━━ THE DATA

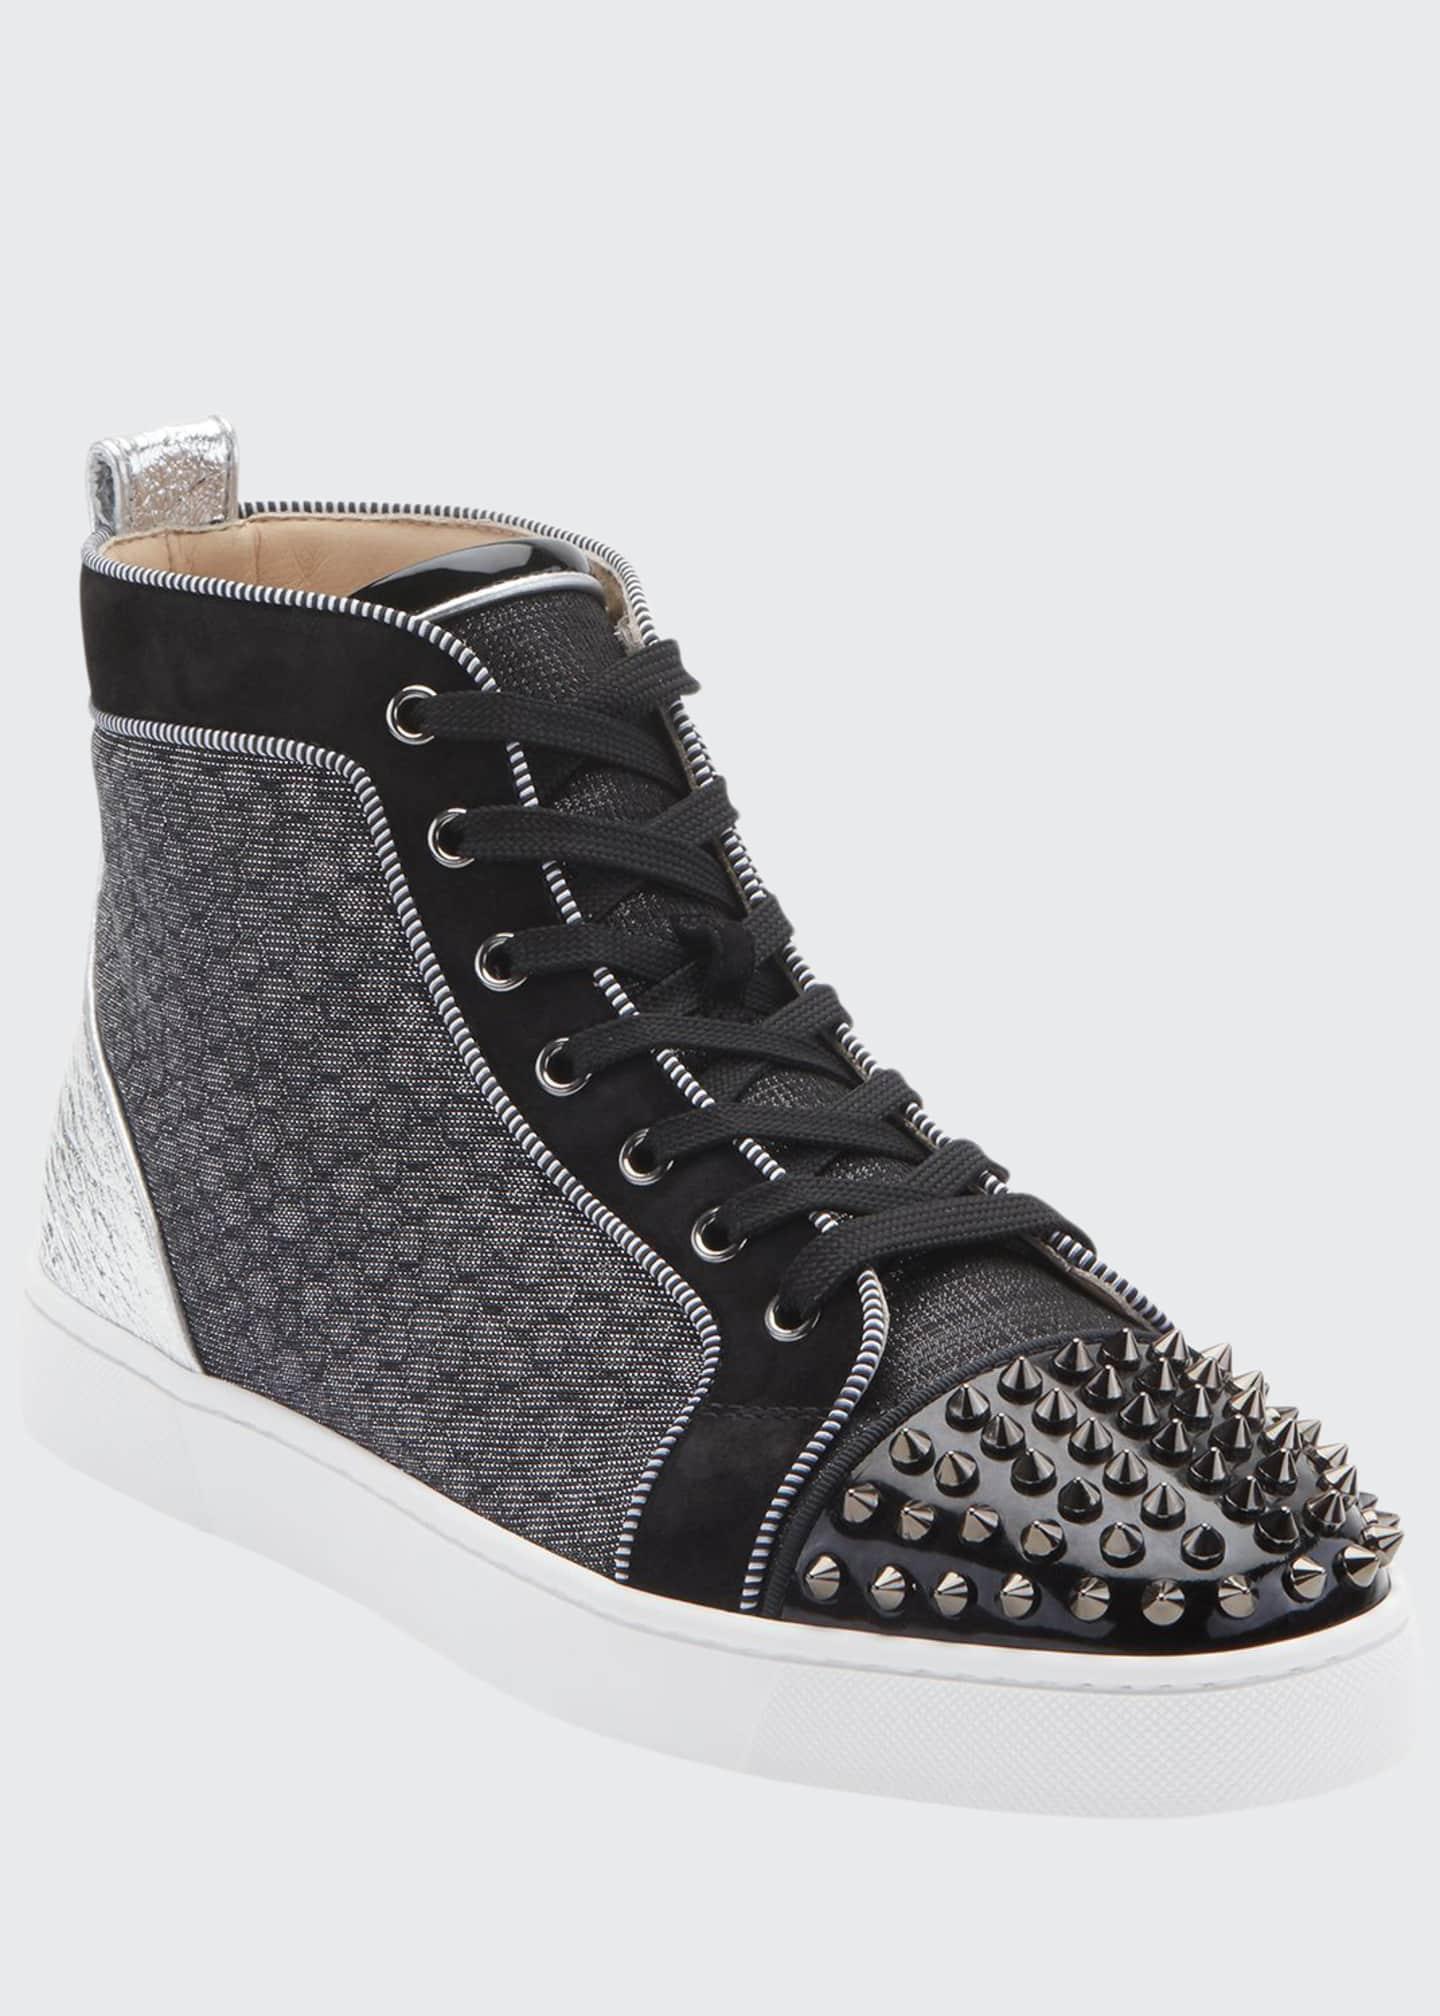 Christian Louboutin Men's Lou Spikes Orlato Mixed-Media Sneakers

━━━━
━━ THE DATA

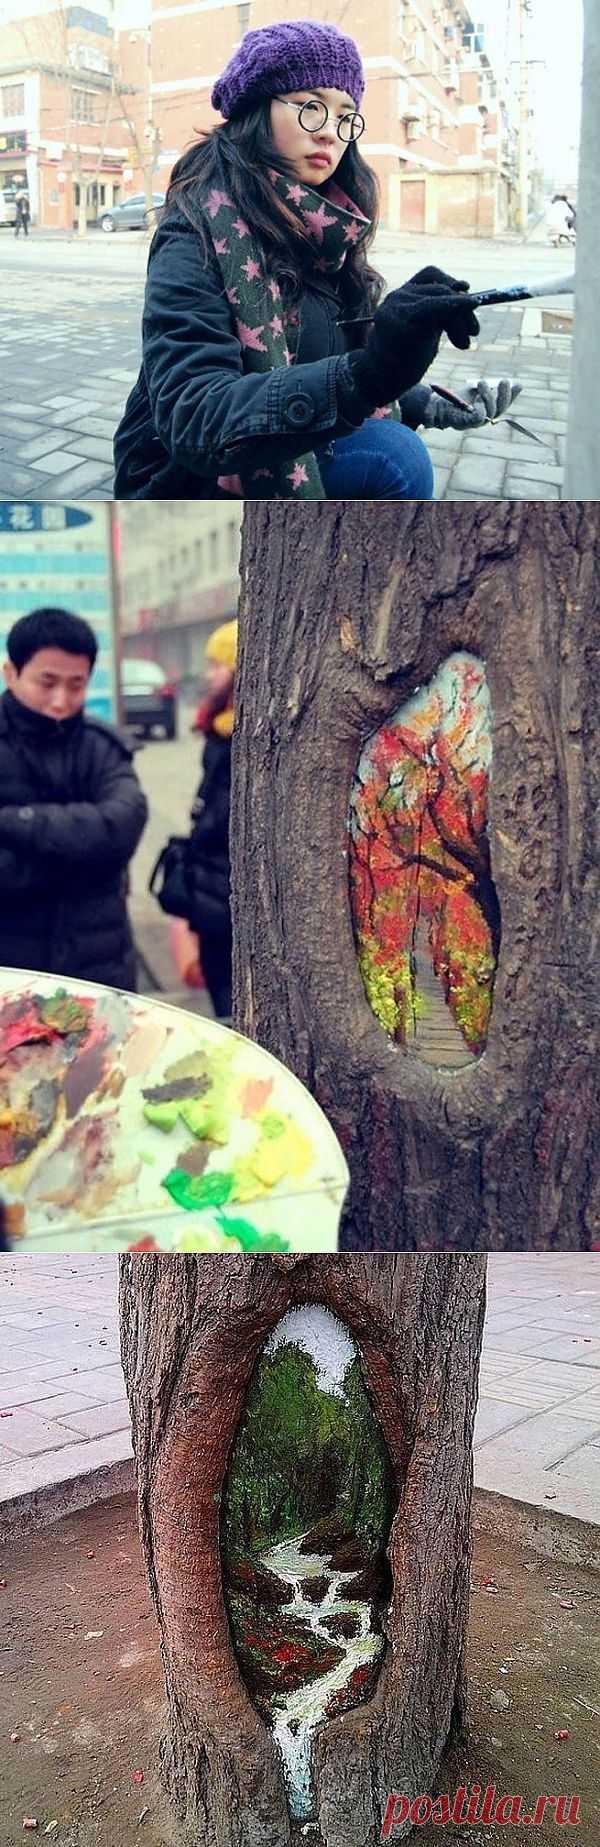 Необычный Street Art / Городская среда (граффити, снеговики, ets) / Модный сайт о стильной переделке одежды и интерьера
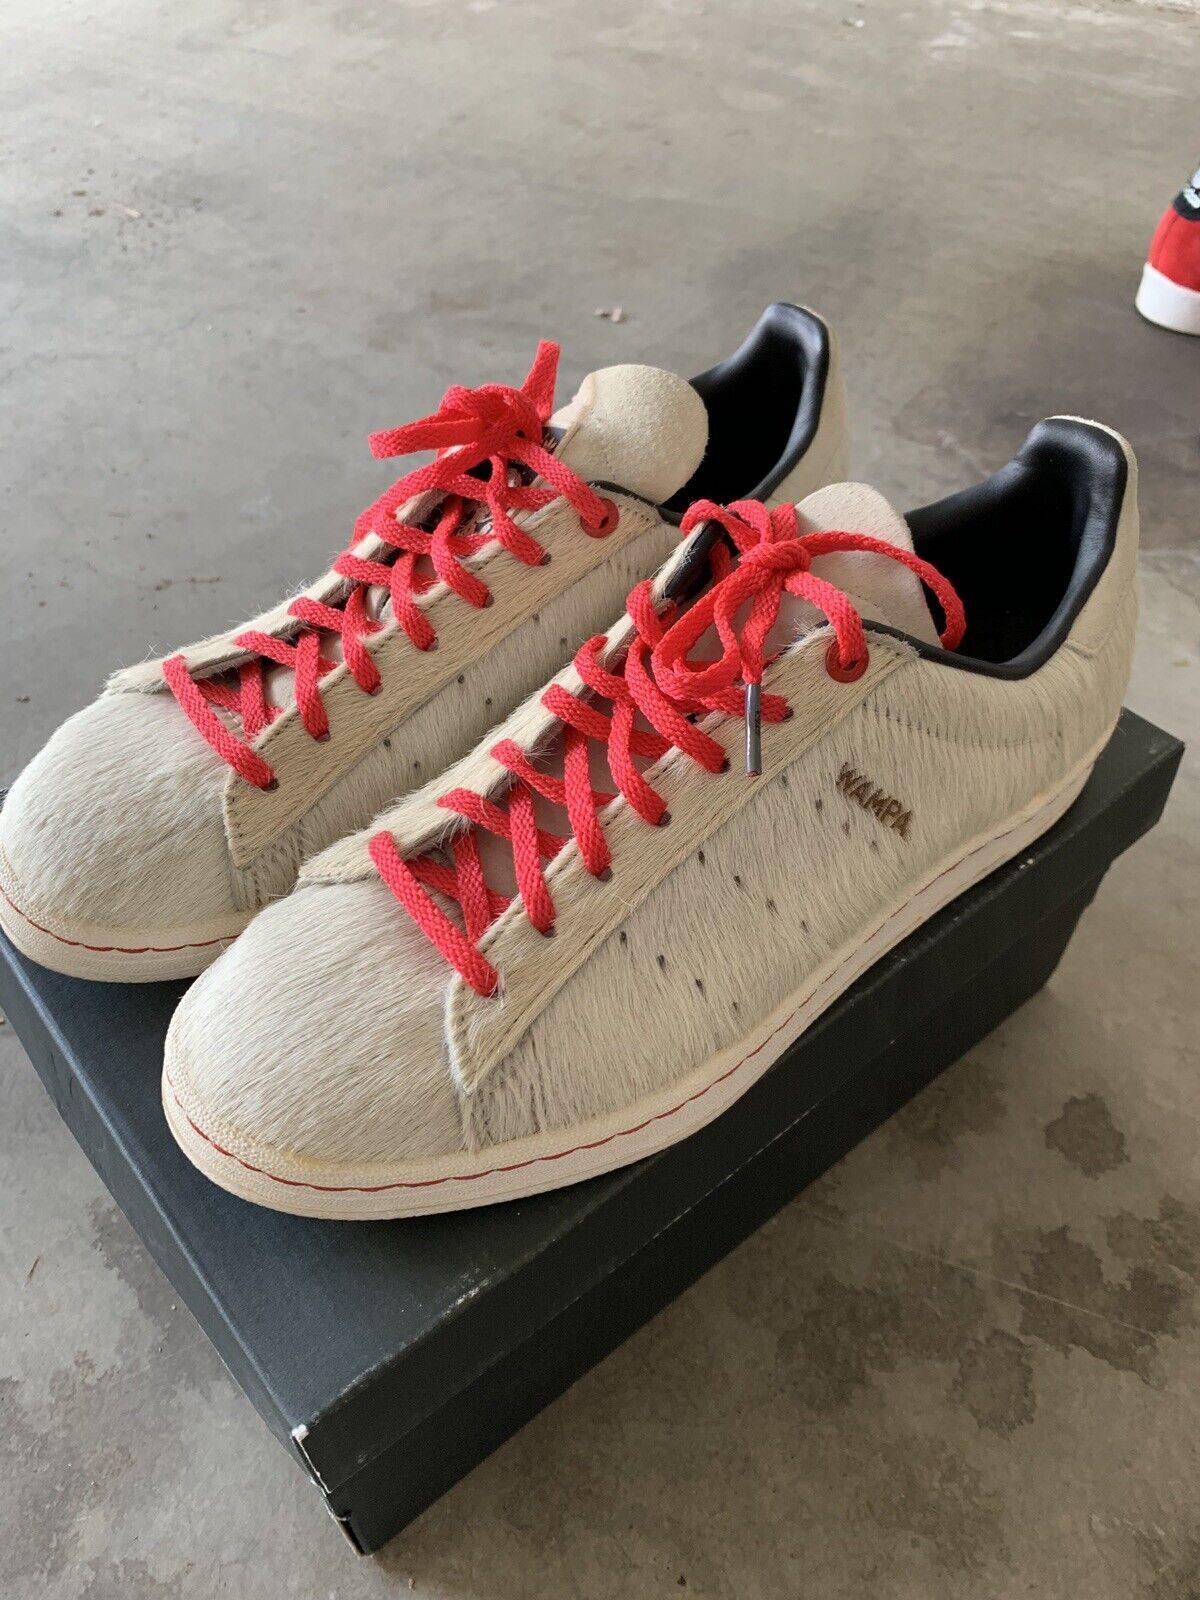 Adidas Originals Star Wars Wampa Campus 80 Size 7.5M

━━━━

* _TASK INSTRUCTIONS_
Above are records with pictures. Reproduce exactly only the lines from the line with "Необычный Street Art" through the line with "Adidas Originals Star", both ends included, and leave the pictures out.

* _WRITTEN REPLY_
 Необычный Street Art / Городская среда (граффити, снеговики, ets) / Модный сайт о стильной переделке одежды и интерьера
 Adidas Originals Star Wars Wampa Campus 80 Size 7.5M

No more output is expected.